→ Given entries:
====

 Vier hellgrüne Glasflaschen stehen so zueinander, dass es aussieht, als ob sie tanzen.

====

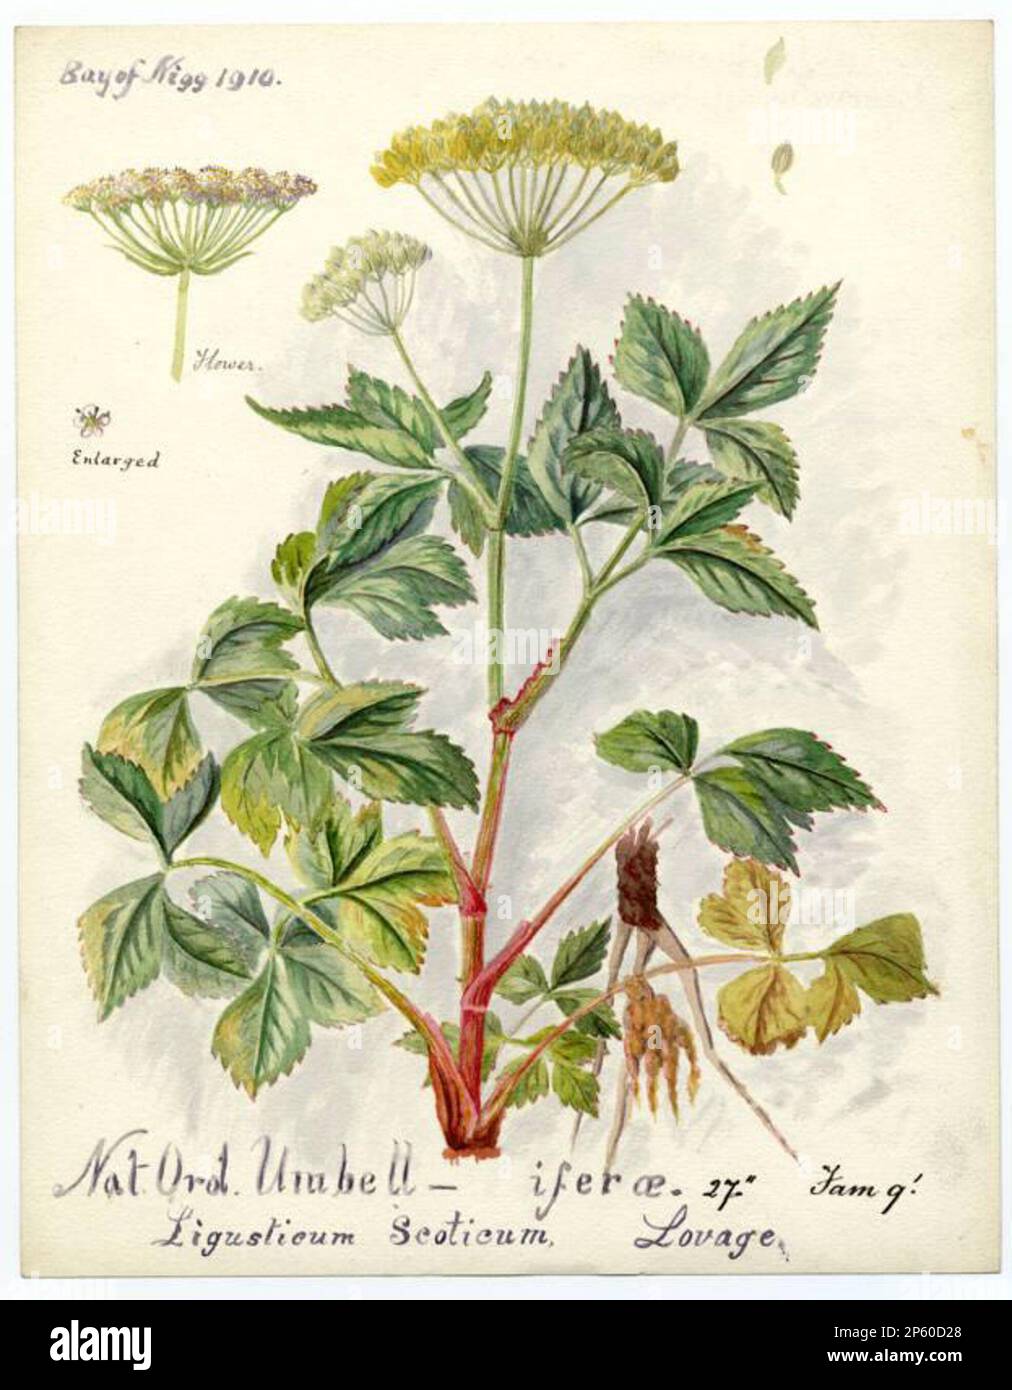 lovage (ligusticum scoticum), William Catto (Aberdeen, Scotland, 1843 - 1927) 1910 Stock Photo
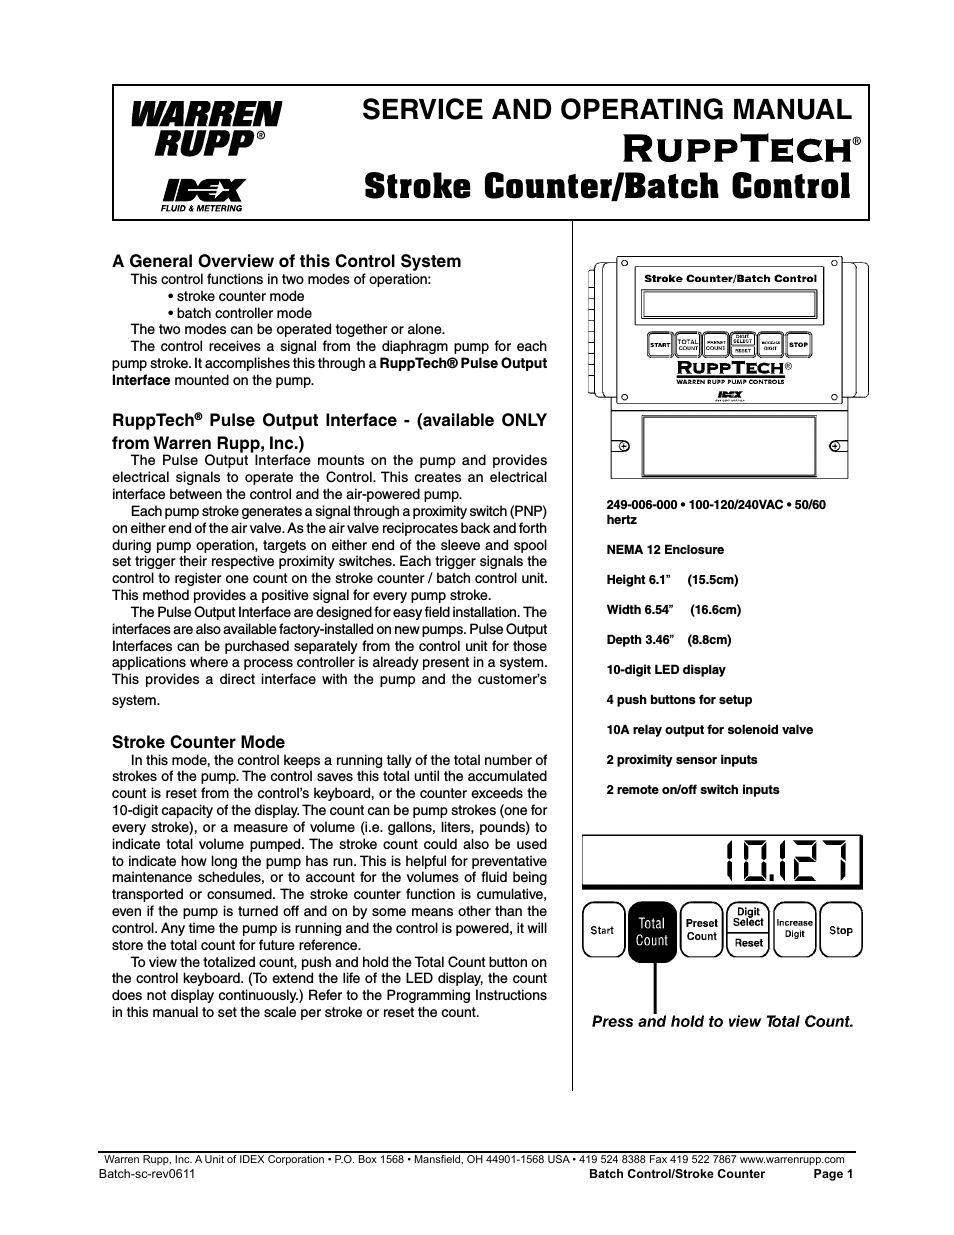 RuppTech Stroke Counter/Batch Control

====

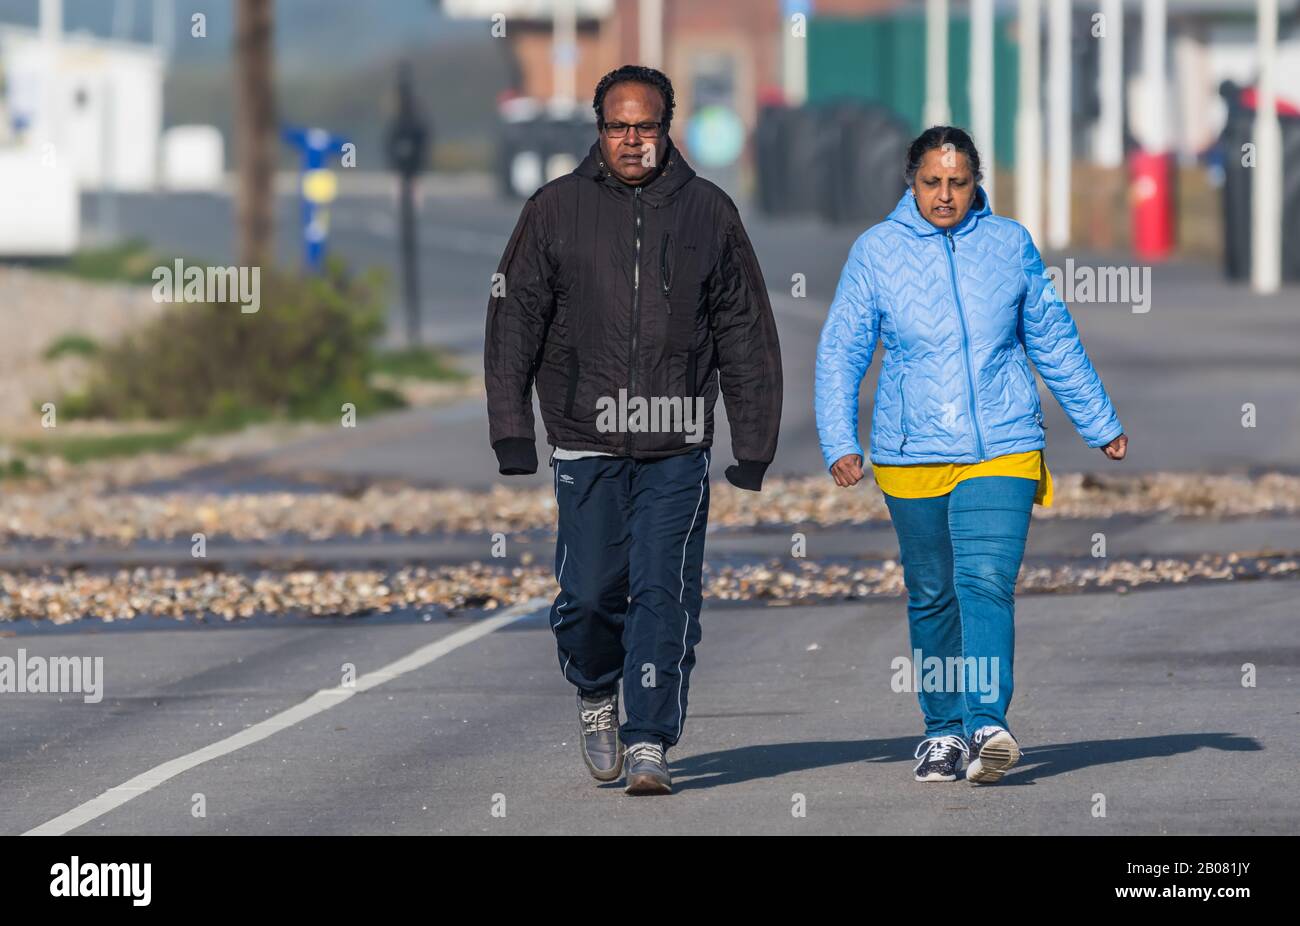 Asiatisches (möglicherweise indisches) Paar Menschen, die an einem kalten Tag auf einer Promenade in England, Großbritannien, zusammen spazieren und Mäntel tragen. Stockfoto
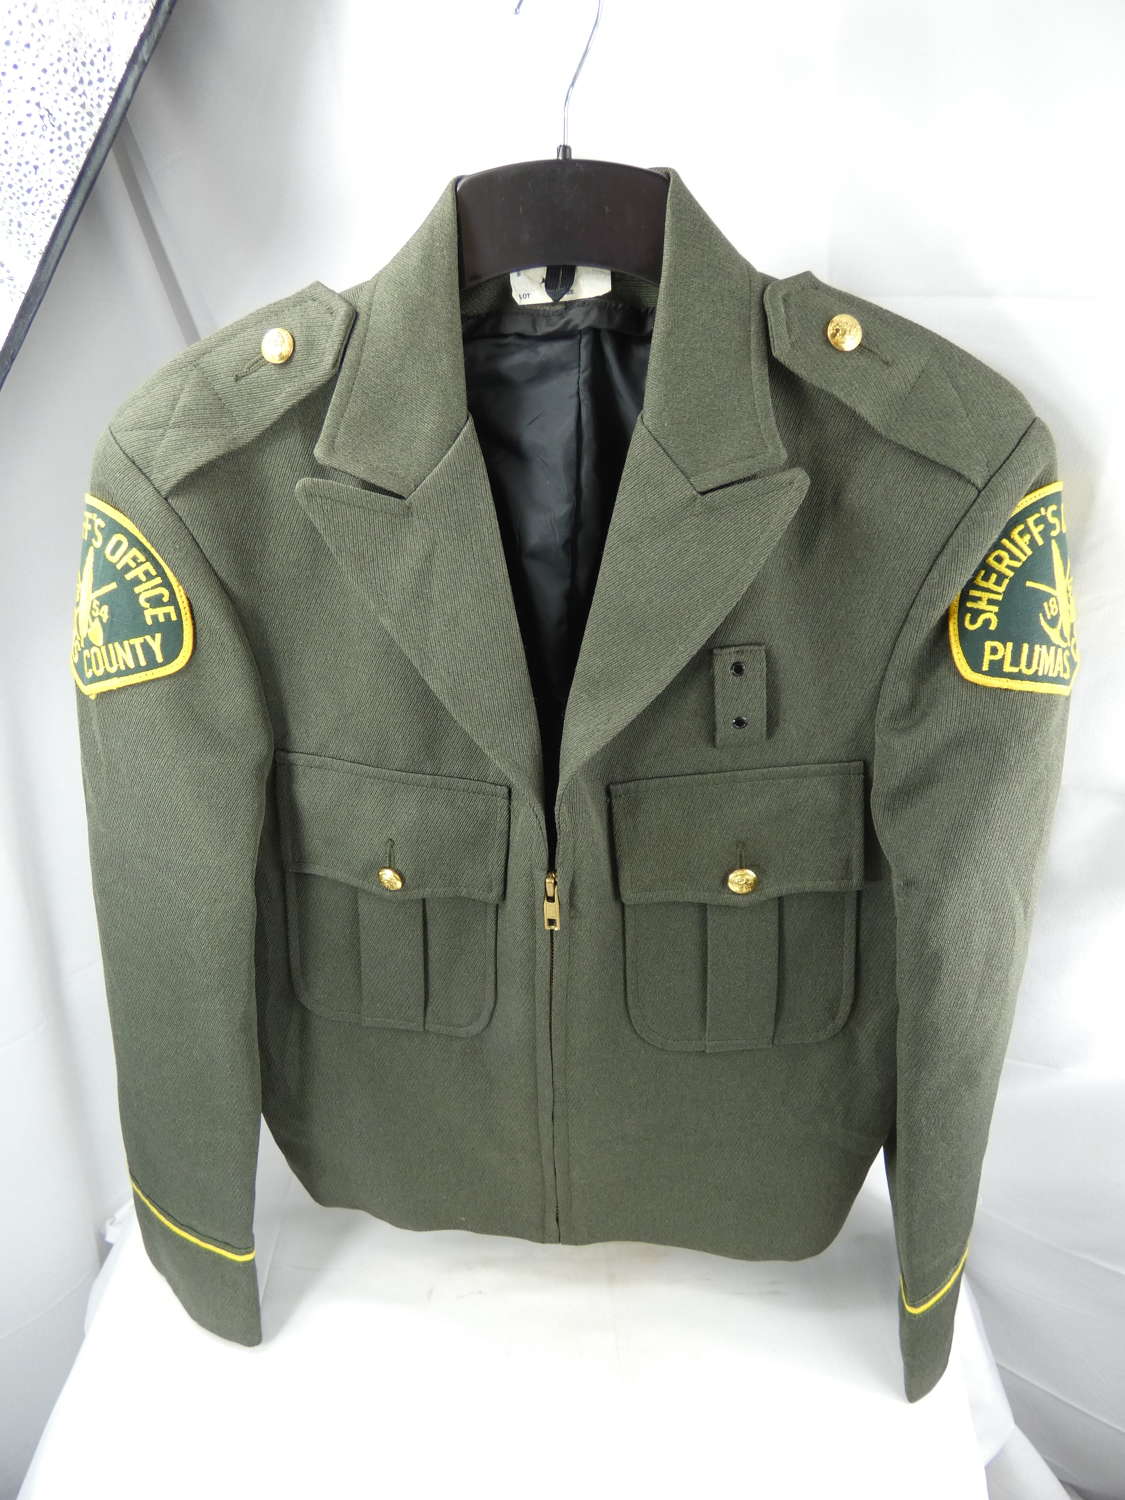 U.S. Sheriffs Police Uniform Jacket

====

→ Aim of the task: Only one stretch of the listing above is to be duplicated: the lines from the one containing "lovage (ligusticum scoticum), William" through the one containing "RuppTech Stroke Counter/Batch Control", both included. Copy them exactly, minus the pictures.

→ Expected answer:
 lovage (ligusticum scoticum), William Catto (Aberdeen, Scotland, 1843 - 1927) 1910 Stock Photo
 RuppTech Stroke Counter/Batch Control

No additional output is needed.